Nem tudo era perfeito, é claro. Glorinha e Quezinha viraram as costas enojadas ao ver os hipopótamos nadando serenamente entre seus dejetos. Também não se animaram quando Isabel compartilhou que o cheiro dos bisões e da sua ração lembravam seus tempos de menina, na fazenda de seu pai. Preferiam ver bichinhos fofinhos, engraçadinhos, bonitinhos ou coloridos, que não exalavam tanto mau cheiro… Ricardo, por sua vez, procurava os animais ferozes que não havia conseguido ver no Simba Safari. Mas ficou desapontado. No calor do dia os leões estavam apenas roncando, de boca aberta, na entrada das suas tocas. Fez questão, também, de entrar nas Casas das Serpentes e do Sangue Frio e na área dedicada às aves de rapina.

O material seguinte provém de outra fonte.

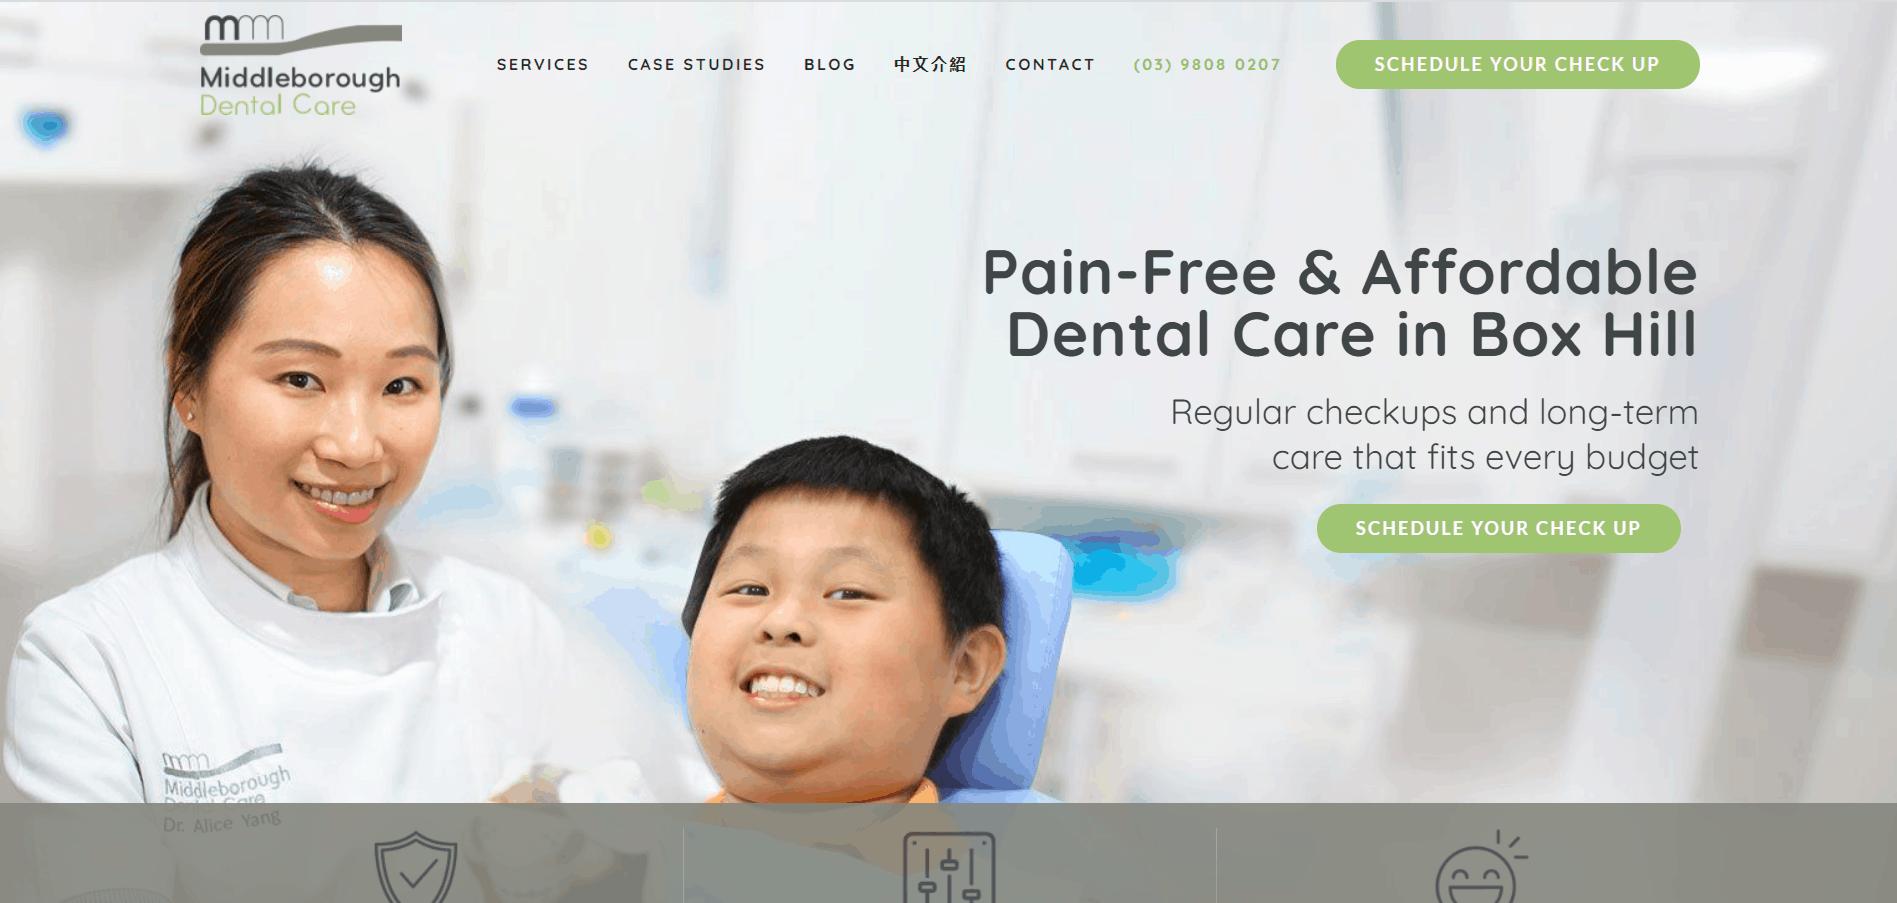 Middleborough Dental Care

Após o almoço no parque, enquanto as crianças procuraram completar, num caderno, silhuetas de zebras, girafas, leopardos, tigres e outros felinos. Logo descobriram que era muito mais fácil reconhecer estes bichos do que reproduzir o jeito das manchas e listras que carregavam no corpo! Jorge foi explicando que tudo aquilo lhes servia como camuflagem, cada um conforme seu habitat. —Deus é tão criativo, admirou-se Quezinha. Até Ricardo concordou.

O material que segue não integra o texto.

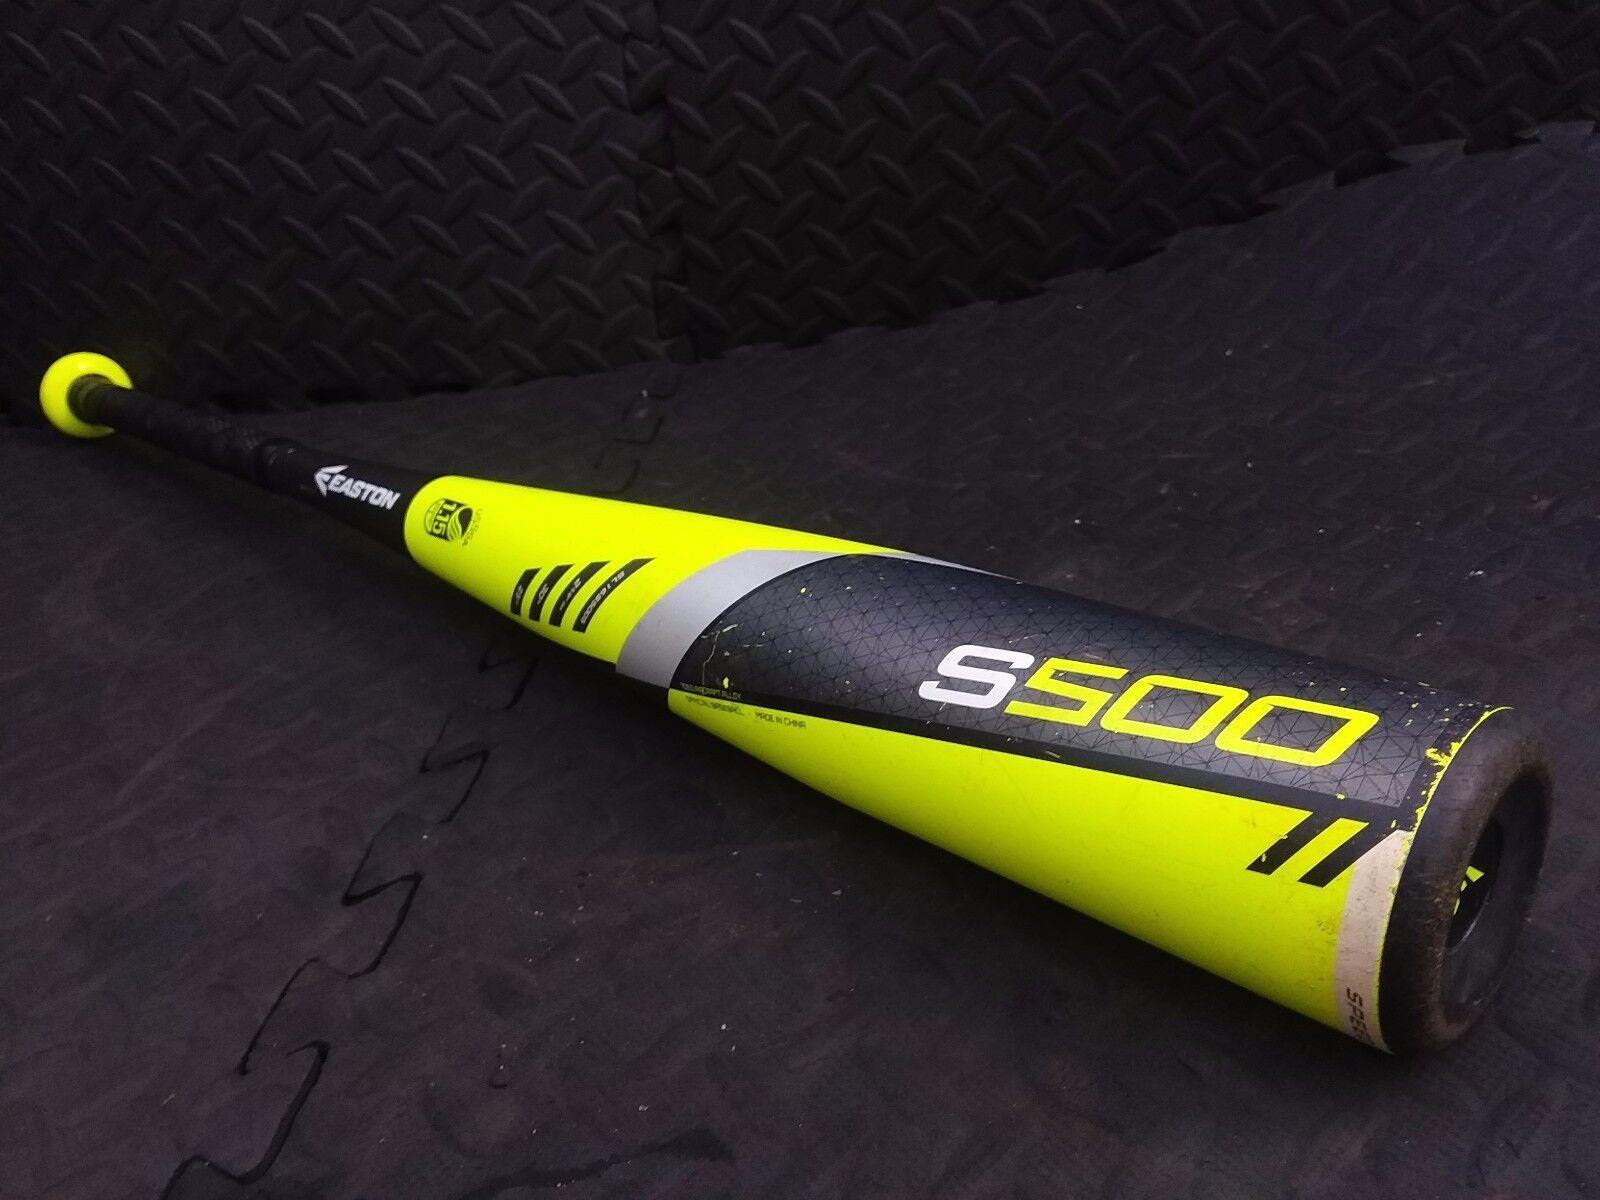 Bate Easton S500 Senior League Baseball 30 25 SL16S5005 (-5) 2 5 8  barril usssa

Era hora de ir embora. Isabel virou-se e fixou na memória um “cartão postal personalizado” da paisagem do lago. Mesclado com o verde furta-cor da vegetação, o suave tom-sobre-tom das flores de algumas árvóres que eles haviam identificado era realçado pelas cores vibrantes de outras. Glorinha tinha razão, aquilo parecia um pedacinho do paraíso.

Mas a sensação paradisíaca logo ameaçou se dissipar. Isabel se viu diante do mecânico do carro, observando o seu olhar dissimulado enquanto tentava explicar que havia trocado uma peça, mas que, misteriosamente, não tinha a antiga nem a nota para comprovar a compra. Em silêncio, receosa de estragar a beleza daquele dia com uma desavença, pagou o valor exorbitante pedido. Devolveram a grade e voltaram ao mundo de asfalto e concreto, veículos e construções, no qual estavam inseridas as pessoas que Deus queria que servissem.

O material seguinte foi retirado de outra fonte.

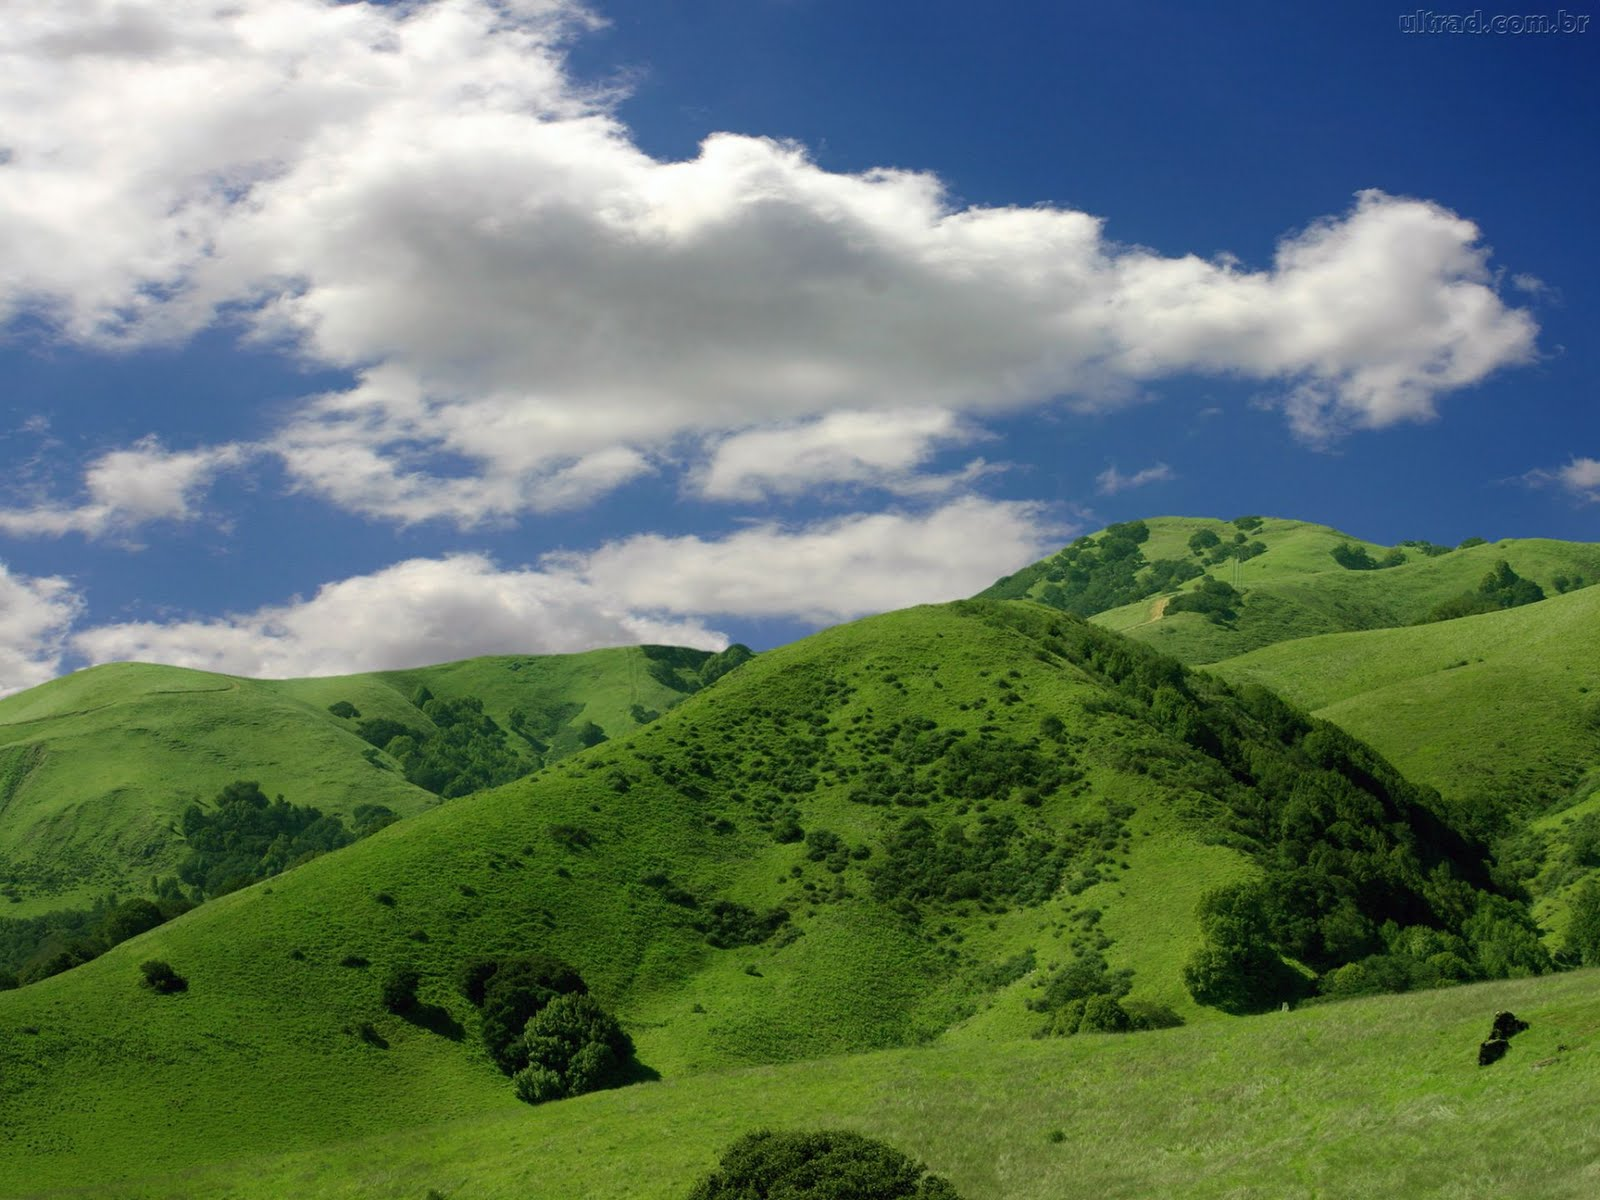 mountain and the greenary - photo #33

Ao chegaram na entrada do prédio, os guardas se espantaram com as gargalhadas dos ocupantes do carro quando Isabel, em vão, tentou abaixar a janela para passar o cartão – novamente, o vidro não baixava! – Nem vou ficar com raiva, declarou Isabel. – Sem querer, aquele homem horrível foi um instrumento celestial para me dar um lindo dia. Confessou que o pane me deixou frustrada mas, no fim, tenho que reconhecer que fui superabençoada! Sorrindo, Glorinha aventurou – Mamãe, vamos consertar o vidro perto do Playcenter, amanhã…

Elizabeth Zekveld Portela
Publicado na SAF em Revista, 3º Trimestre / 2003

(Notas de rodapé que não aparecem no texto do site)
1. Simba Safara: hoje Zôo Safari.
2. Ebony e Ivory: Cantado por Paul McCartney e Stevie Wonder, 1982
3. Todos somos um em Cristo Jesus: Gálatas 3.28
4. Enquanto tivermos oportunidade, façamos o bem a todos: Gálatas 6.10
5. Livro citado: Que Árvore é Aquela? Jean Irwin Smith, Editora Terceiro Nome, 1986, reeditado em 2001.

SUGESTÕES PARA MEDITAÇÃO E/OU ATIVIDADES
1. No livro de Jó, especialmente nos capítulos 12, 40 e 41, Jó e Deus comentam como o poder e grandeza de Deus são refletidas na fauna daquela época. Medite na resposta de Jó no capítulo 42, listando as maneiras em que foi afetado o seu relacionamento com Deus.
2. Leia o que José falou em Gênesis 50.20 (e 45.1-8). Olhando os eventos das últimas semanas, alguma vez você conseguiu descansar na providência de Deus quando as coisas não saíram como planejadas. Qual foi o resultado?
3. Você já visitou o parque botânico ou zoológico na sua cidade, para apreciar o que tem sido preservado da beleza e da diversidade da natureza que nosso Deus criou? Já pensou em acompanhar seus filhos ou netos para conhecê-lo. Ou em fazer um passeio lá com seu grupo de SAF?